**DATA UNDER STUDY:**
Segment Open

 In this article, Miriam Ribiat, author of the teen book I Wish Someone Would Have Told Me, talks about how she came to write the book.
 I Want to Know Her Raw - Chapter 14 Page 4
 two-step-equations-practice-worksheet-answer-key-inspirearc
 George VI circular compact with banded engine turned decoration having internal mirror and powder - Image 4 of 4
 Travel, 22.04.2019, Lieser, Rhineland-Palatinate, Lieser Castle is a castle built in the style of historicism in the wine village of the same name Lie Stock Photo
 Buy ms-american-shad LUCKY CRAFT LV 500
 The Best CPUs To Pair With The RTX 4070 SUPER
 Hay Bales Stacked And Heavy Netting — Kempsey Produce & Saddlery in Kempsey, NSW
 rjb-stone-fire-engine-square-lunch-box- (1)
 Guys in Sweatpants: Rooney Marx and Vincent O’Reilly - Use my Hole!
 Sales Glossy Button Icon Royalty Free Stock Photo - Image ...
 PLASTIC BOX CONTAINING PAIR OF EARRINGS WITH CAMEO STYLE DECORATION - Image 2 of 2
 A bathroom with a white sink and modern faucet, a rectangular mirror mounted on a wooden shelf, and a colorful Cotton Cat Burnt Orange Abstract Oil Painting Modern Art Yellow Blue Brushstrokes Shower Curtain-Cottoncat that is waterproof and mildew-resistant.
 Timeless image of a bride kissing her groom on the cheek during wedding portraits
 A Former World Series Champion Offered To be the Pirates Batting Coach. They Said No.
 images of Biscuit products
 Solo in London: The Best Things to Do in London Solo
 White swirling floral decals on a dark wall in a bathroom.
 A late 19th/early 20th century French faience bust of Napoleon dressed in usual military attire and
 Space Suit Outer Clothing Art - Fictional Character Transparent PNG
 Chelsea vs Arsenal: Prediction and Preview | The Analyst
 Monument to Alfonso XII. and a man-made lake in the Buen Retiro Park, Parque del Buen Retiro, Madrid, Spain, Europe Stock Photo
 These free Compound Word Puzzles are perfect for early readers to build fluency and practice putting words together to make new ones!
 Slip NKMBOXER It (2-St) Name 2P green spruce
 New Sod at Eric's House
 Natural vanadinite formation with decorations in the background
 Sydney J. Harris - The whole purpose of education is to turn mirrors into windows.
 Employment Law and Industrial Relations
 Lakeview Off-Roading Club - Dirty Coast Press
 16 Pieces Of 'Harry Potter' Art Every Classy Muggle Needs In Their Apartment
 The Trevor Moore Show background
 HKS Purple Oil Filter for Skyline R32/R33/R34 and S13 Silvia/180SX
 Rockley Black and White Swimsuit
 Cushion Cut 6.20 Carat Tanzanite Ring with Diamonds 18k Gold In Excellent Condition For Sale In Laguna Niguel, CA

Segment Closed

**INSTRUCTIONS FOR THE TASK:**
Set down precisely the lines above between the line holding "A Former World" and the line holding "Chelsea vs Arsenal: Prediction", inclusive, and nothing beyond them.

**TASK SOLUTION:**
 A Former World Series Champion Offered To be the Pirates Batting Coach. They Said No.
 images of Biscuit products
 Solo in London: The Best Things to Do in London Solo
 White swirling floral decals on a dark wall in a bathroom.
 A late 19th/early 20th century French faience bust of Napoleon dressed in usual military attire and
 Space Suit Outer Clothing Art - Fictional Character Transparent PNG
 Chelsea vs Arsenal: Prediction and Preview | The Analyst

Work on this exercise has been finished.